Your Start in Life Doesn't Matter as Much as Where You End Up - page 2

My name is _____, and I am a nurse who climbed a series of uphill battles to get to the place where I am today. I'm a firm believer that your origins in life do not carry nearly as much importance... Read More

  1. Visit  LadyFree28 profile page
    1
    Quote from Orange Tree
    I also think it's important to realize that not everybody has the intelligence and/or emotional stability to rise above their circumstances. There's a difference between a being poor with an alcoholic mother and being severely abused, even tortured, for many years. Some people are "excuse makers" and "non-responsibility takers", but some people truly are victims and realistically have very little hope of becoming productive members of society.
    OrangeTree, why do you think that people "truly are victims"??? I just am trying to clarify...being a "former victim"-I guess-I just want to understand your thinking. There were a lot of people who refused to help me because of the assumption that I had very little hope of contributing to society, and because of that I "deserved" to stay on welfare or Social Security, or that I could never practice being a nurse again because of my trauma, etc., etc. Not to sound as if I'm harping on you, because navigating from setbacks is a trauma in itself, but if people believe that people deserve the access of every opportunity possible and had the choice available consistently, I think eventually, people would be able to position themselves in a better position. There are people who people assume are "victims", yet, because of dignity continue to work, go to school, etc, even though what they do "may not contribute to society", but gives them a reason to live and respect themselves, despite their interpersonal challenges.
    MBARNBSN likes this.
  2. Visit  SaoirseRN profile page
    0
    Thank you for this. Too many people hide behind their pasts and play the victim role.
  3. Visit  Orange Tree profile page
    1
    Quote from LadyFree28
    OrangeTree, why do you think that people "truly are victims"??? I just am trying to clarify...being a "former victim"-I guess-I just want to understand your thinking.

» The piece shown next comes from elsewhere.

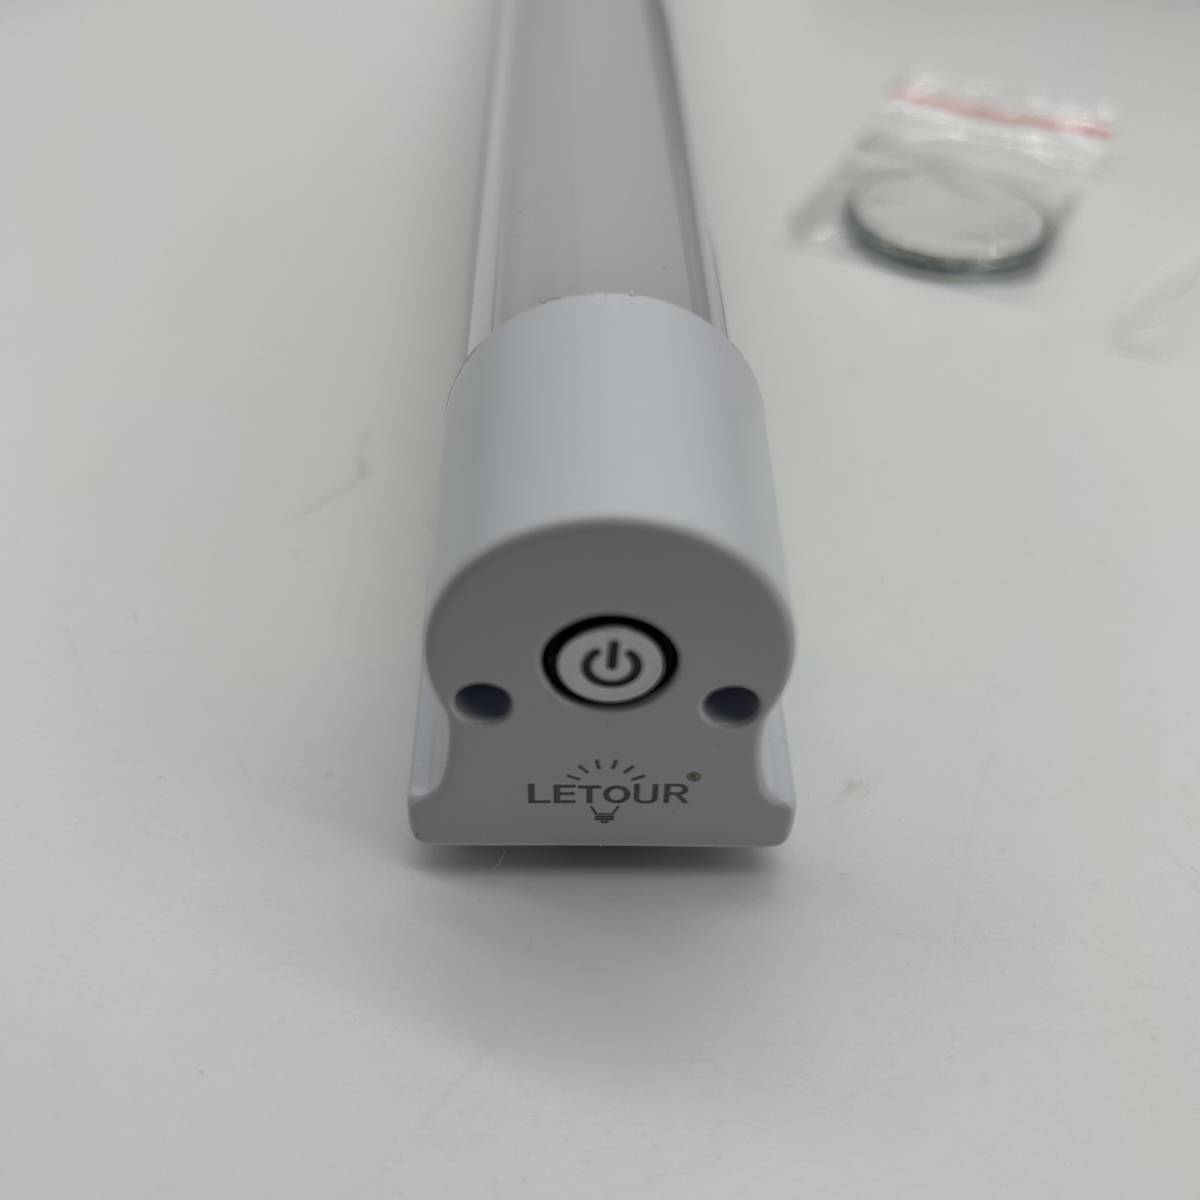 LETOUR LEDライト 蛍光灯 作業灯 USB充電式 マグネット付き K251 120W 10400MAH アウトドア 高輝度 5段階点灯 10000ルーメン (LT-LT120W)_画像4
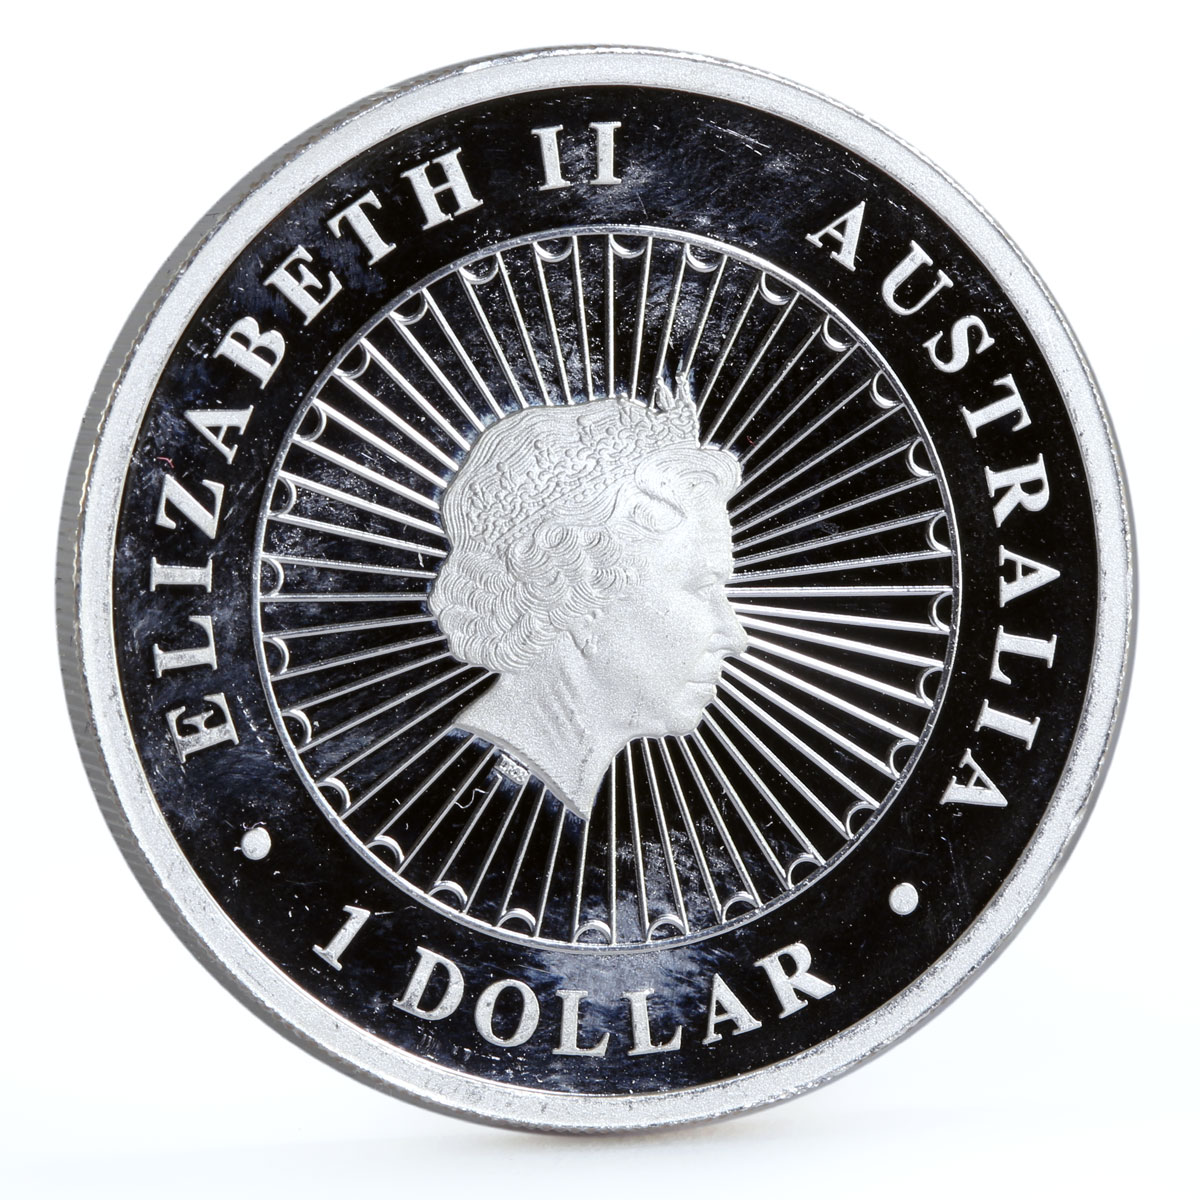 Australia 1 dollar Australian Opal series The Koala Fauna silver coin 2012

There were a lot of people who refused to help me because of the assumption that I had very little hope of contributing to society, and because of that I "deserved" to stay on welfare or Social Security, or that I could never practice being a nurse again because of my trauma, etc., etc. Not to sound as if I'm harping on you, because navigating from setbacks is a trauma in itself, but if people believe that people deserve the access of every opportunity possible and had the choice available consistently, I think eventually, people would be able to position themselves in a better position. There are people who people assume are "victims", yet, because of dignity continue to work, go to school, etc, even though what they do "may not contribute to society", but gives them a reason to live and respect themselves, despite their interpersonal challenges.
    No one "deserves" to have a horrible life. I'm not against helping people, either. I just think we should understand that people have different levels of insight and capability. There may be people who tried just as hard as you did, but got only half as far...or maybe they got as far as you did, but then knocked back down to where they started through no fault of their own. It's not always a person's mentality that keeps them down, in other words.
    MBARNBSN likes this.
  4. Visit  amygarside profile page
    0
    Great piece of writing!
  5. Visit  LadyFree28 profile page
    0
    Quote from Orange Tree

    No one "deserves" to have a horrible life. I'm not against helping people, either. I just think we should understand that people have different levels of insight and capability. There may be people who tried just as hard as you did, but got only half as far...or maybe they got as far as you did, but then knocked back down to where they started through no fault of their own. It's not always a person's mentality that keeps them down, in other words.
    I understand your insight.


    Even if they got half as far, went through the process and went back where they started that may still be successful. ..moving forward, attempting to move forward, the effort, regardless, to me, is positive in itself. People truly have a choice, even amongst their circumstances, even against all odds, to be an agent of change. I wouldn't label them a victim if their chances are slim...because of circumstance. That's when people who survive and thrive come in, especially for the ones who do want an opportunity, a change. Life truly gives you a chance tho show you how you're built, and I've seen people who people may think don't have the intestinal fortitude turn at least something into nothing.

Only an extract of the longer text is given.